**INPUT DATA**:
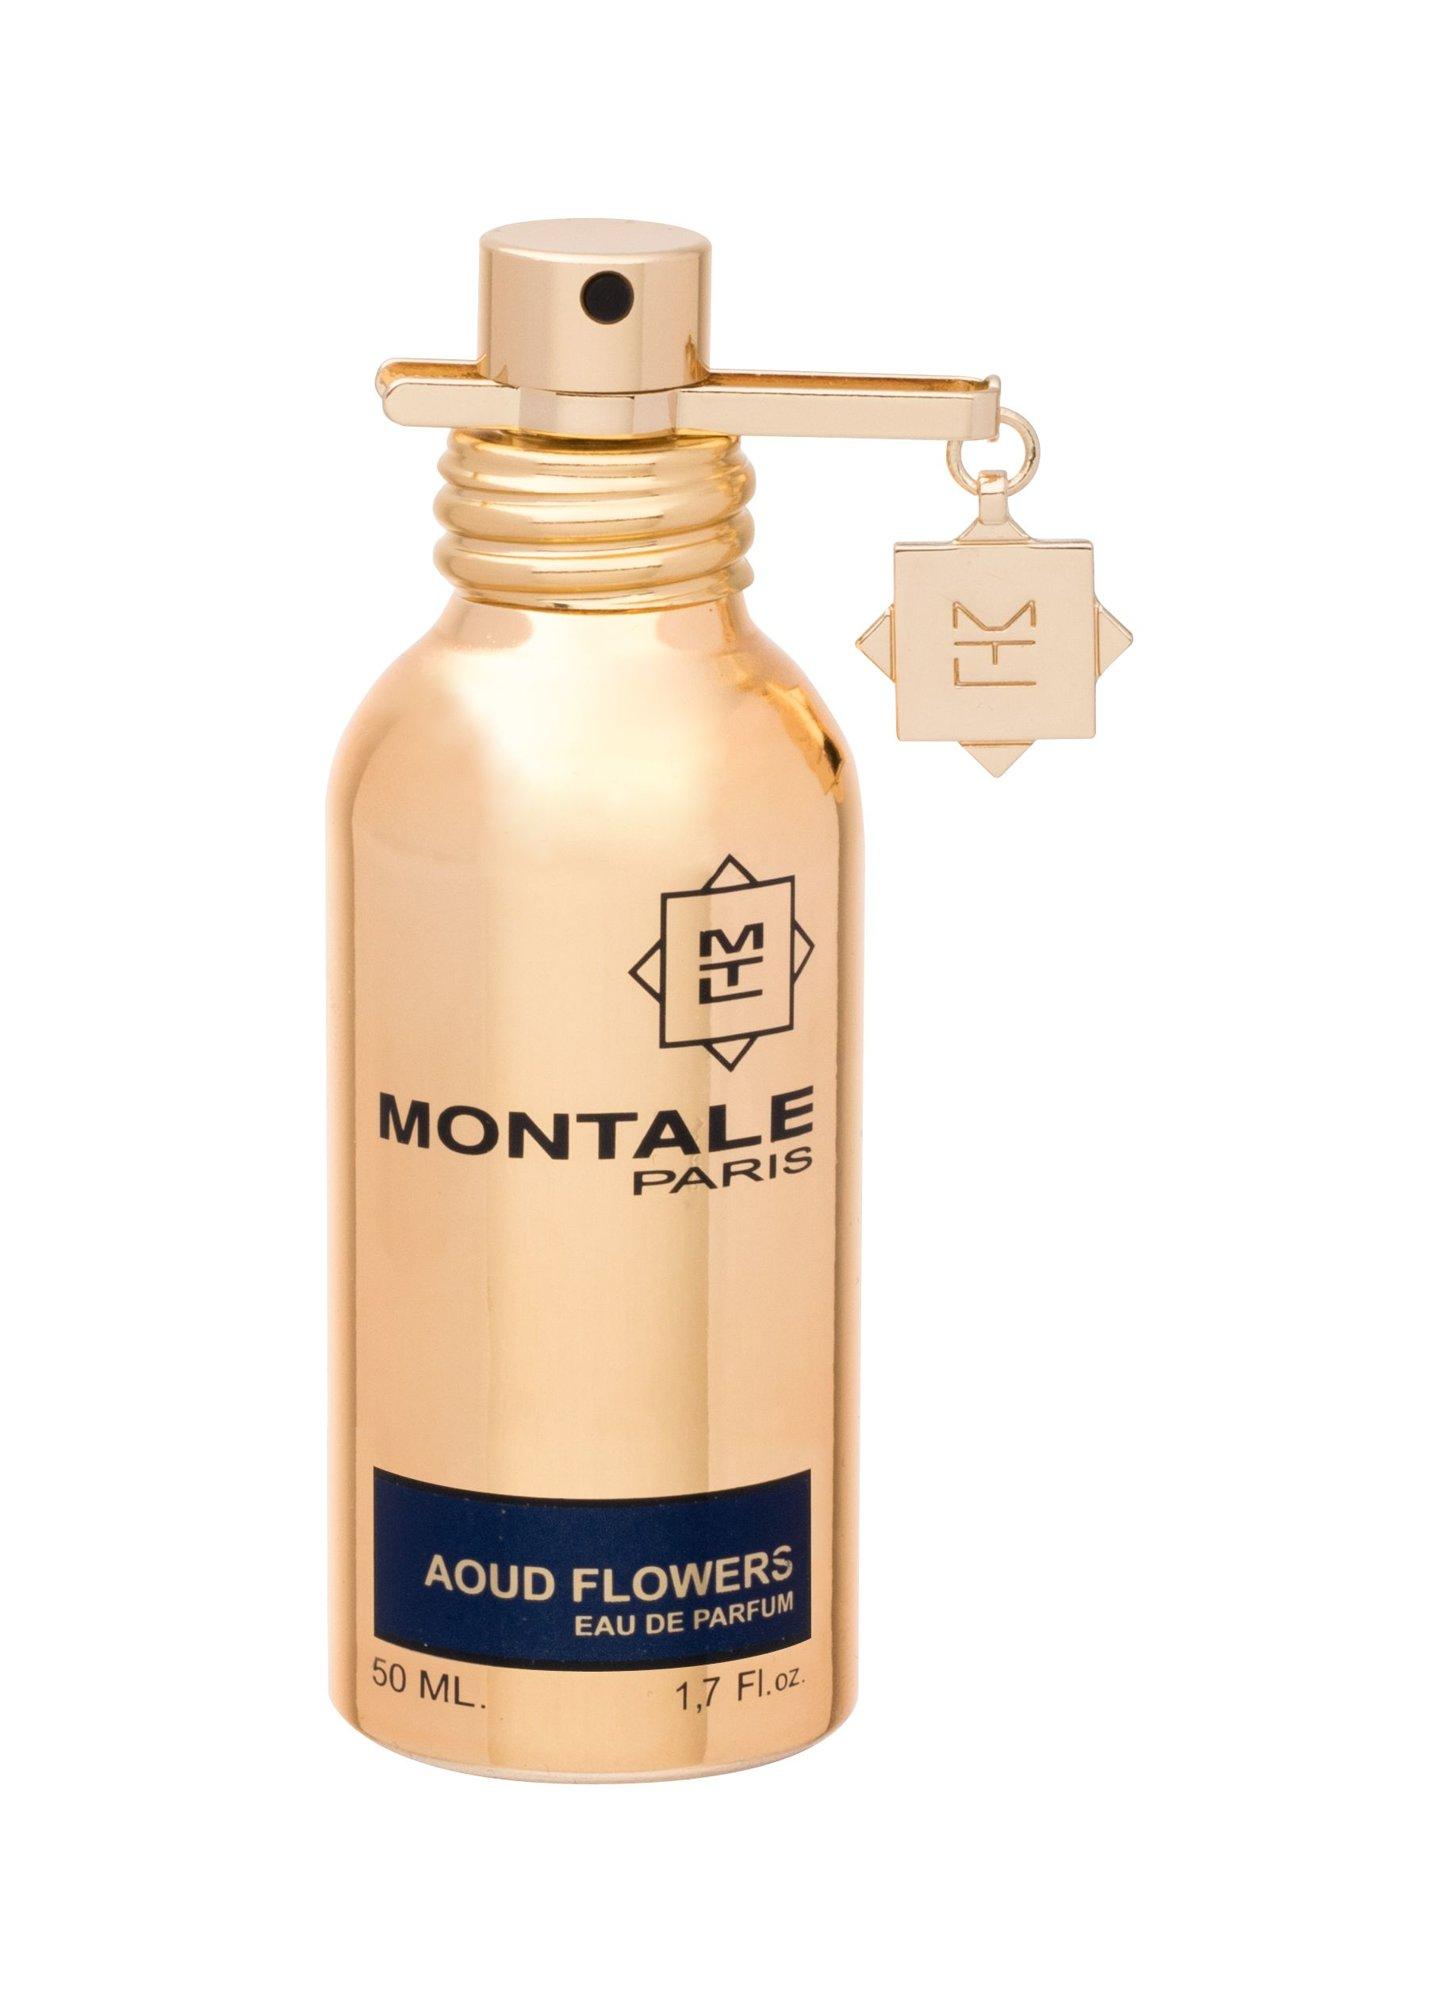 Montale Paris Aoud Flowers EDP 50ml
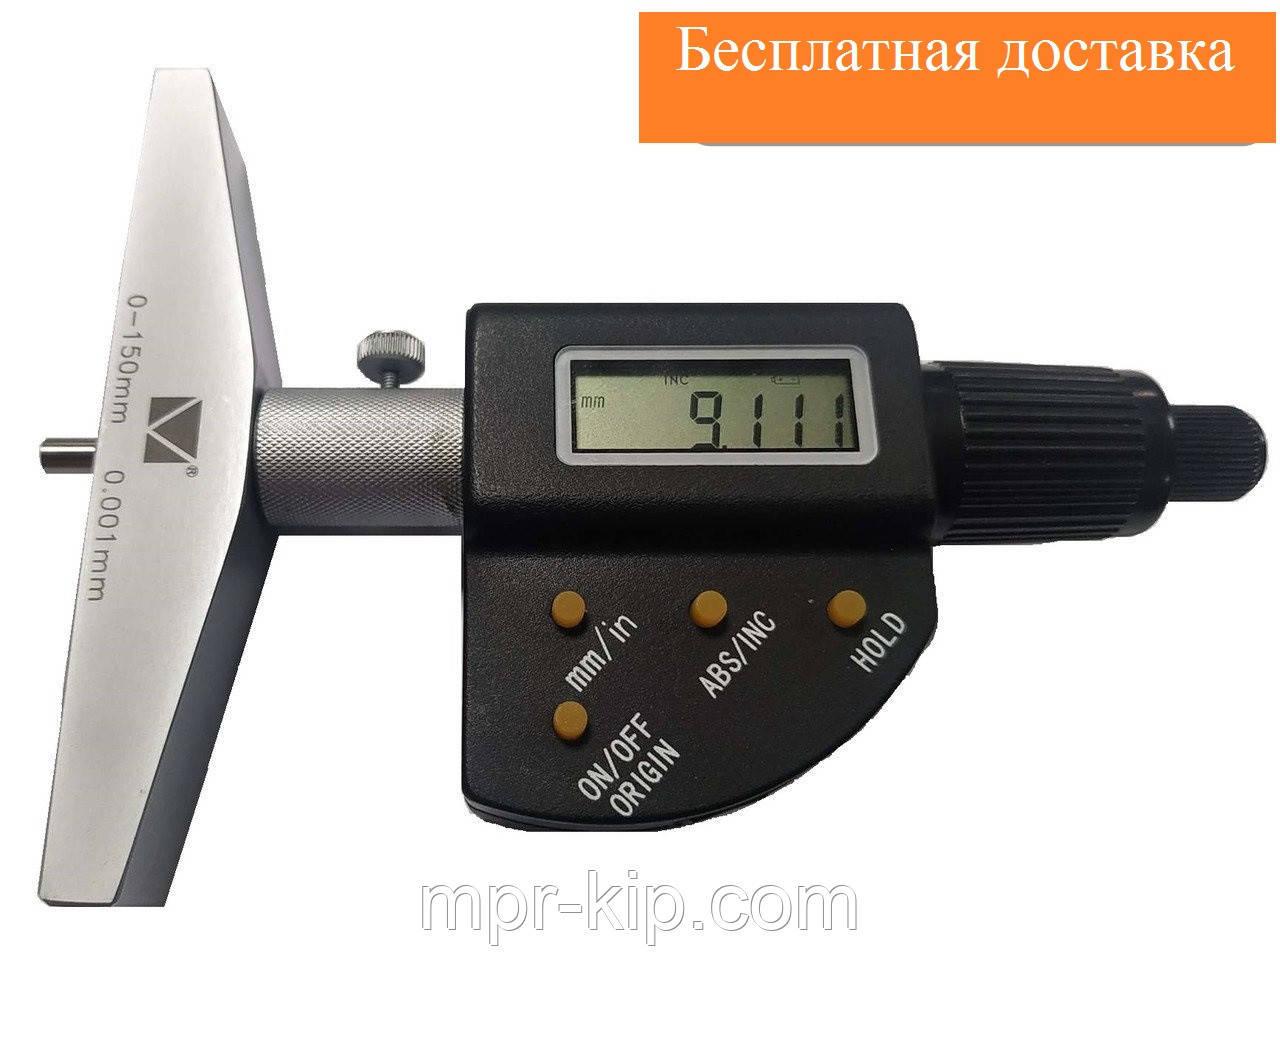 Глубиномер микрометрический цифровой ГМЦ-300 (0-300 мм; 0,001 мм; ±0,008 мм) Микротех
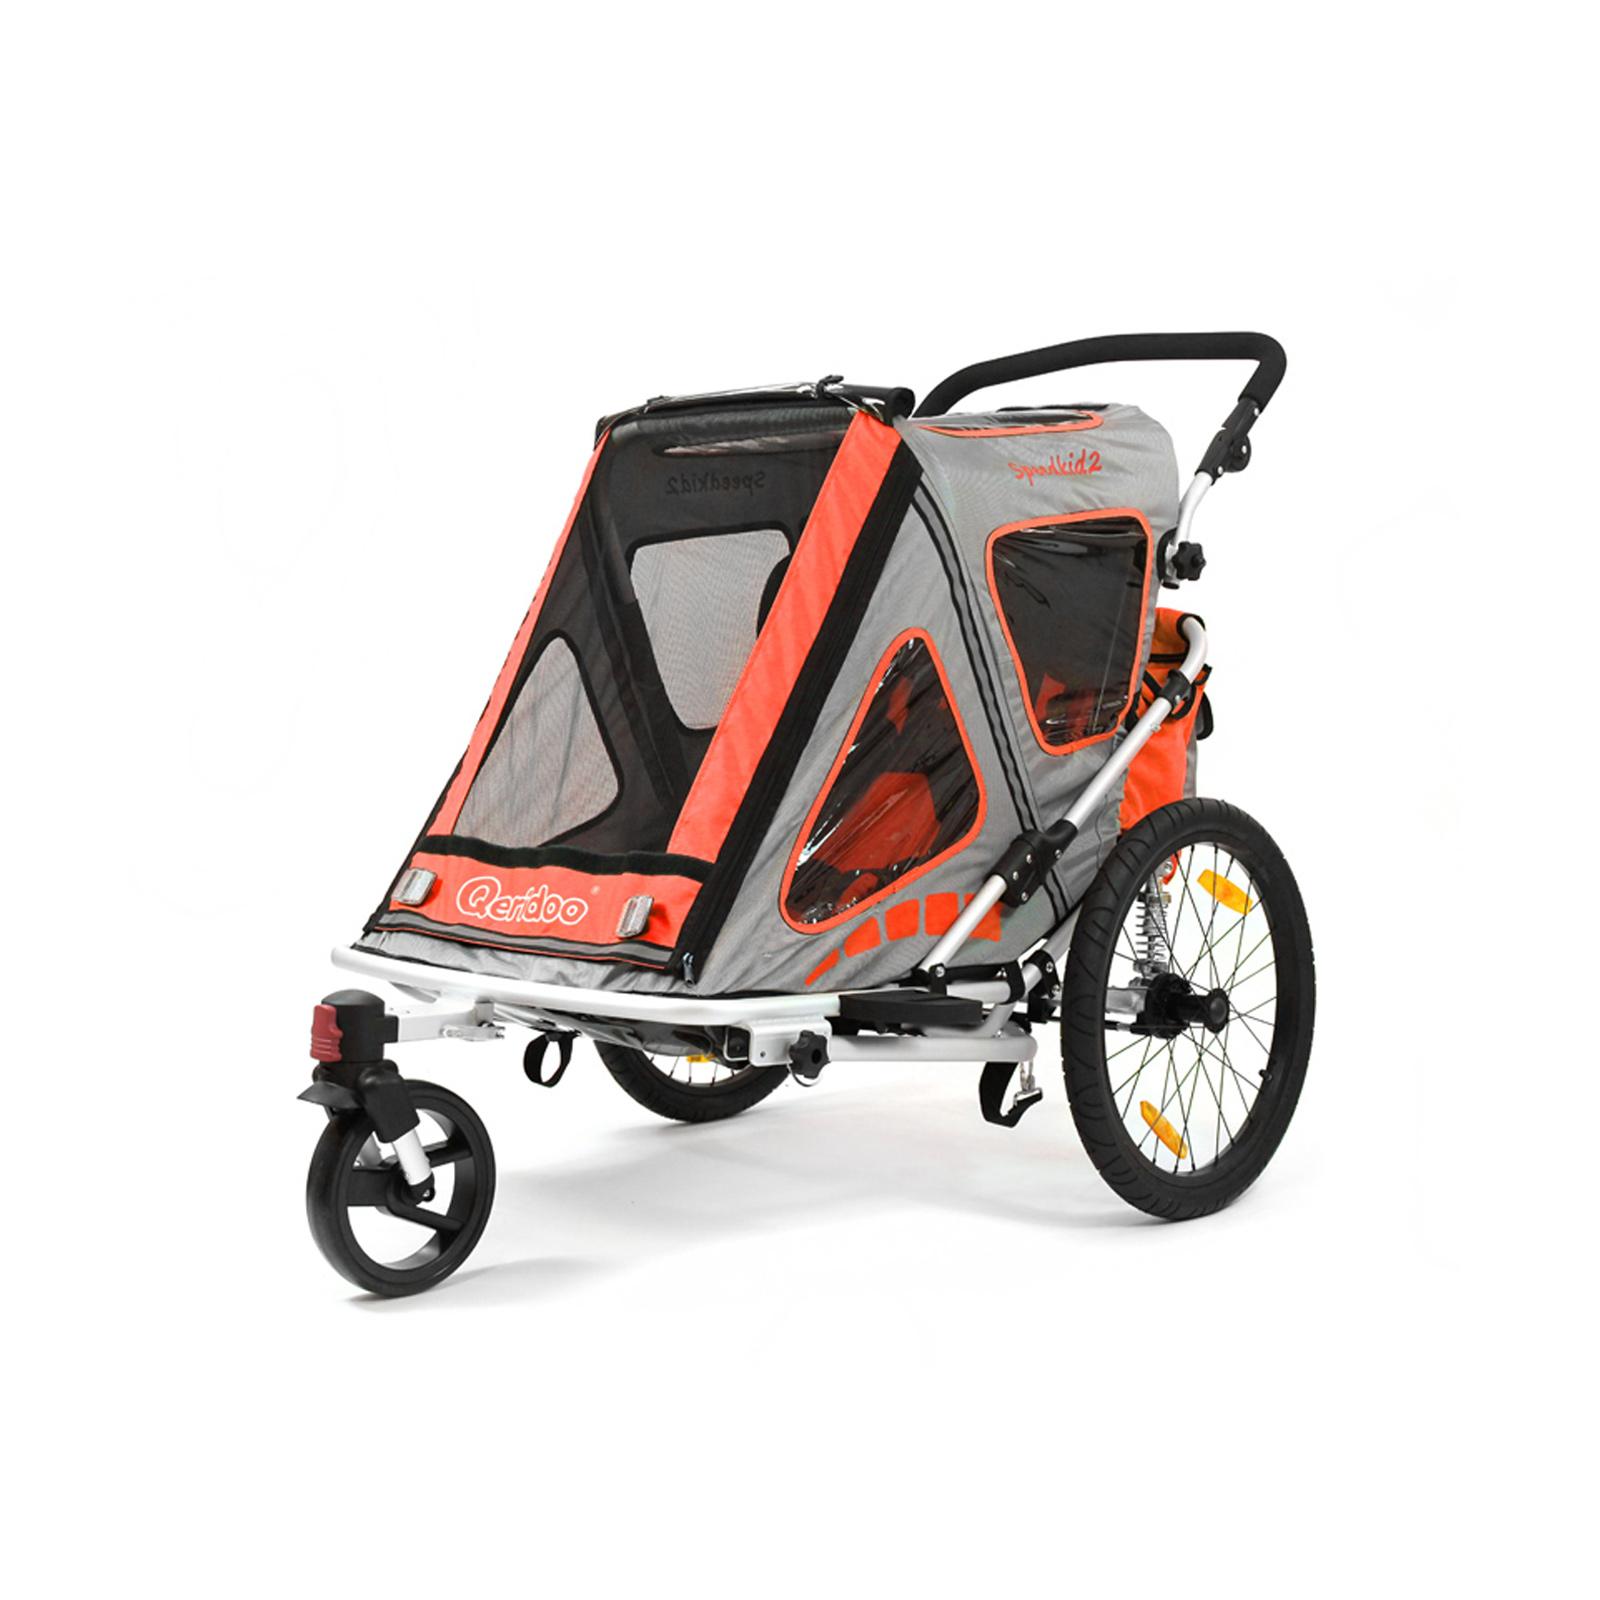 fahrradanh nger qeridoo speedkid 2 kinderanh nger kinder fahrrad anh nger orange ebay. Black Bedroom Furniture Sets. Home Design Ideas

**ACTION ITEM**:
Leave the pictures out, and print every line of the listing exactly as written.

**WRITTEN SOLUTION**:
 Montale Paris Aoud Flowers EDP 50ml
 Глубиномер микрометрический цифровой ГМЦ-300 (0-300 мм; 0,001 мм; ±0,008 мм) Микротех
 fahrradanh nger qeridoo speedkid 2 kinderanh nger kinder fahrrad anh nger orange ebay. Black Bedroom Furniture Sets. Home Design Ideas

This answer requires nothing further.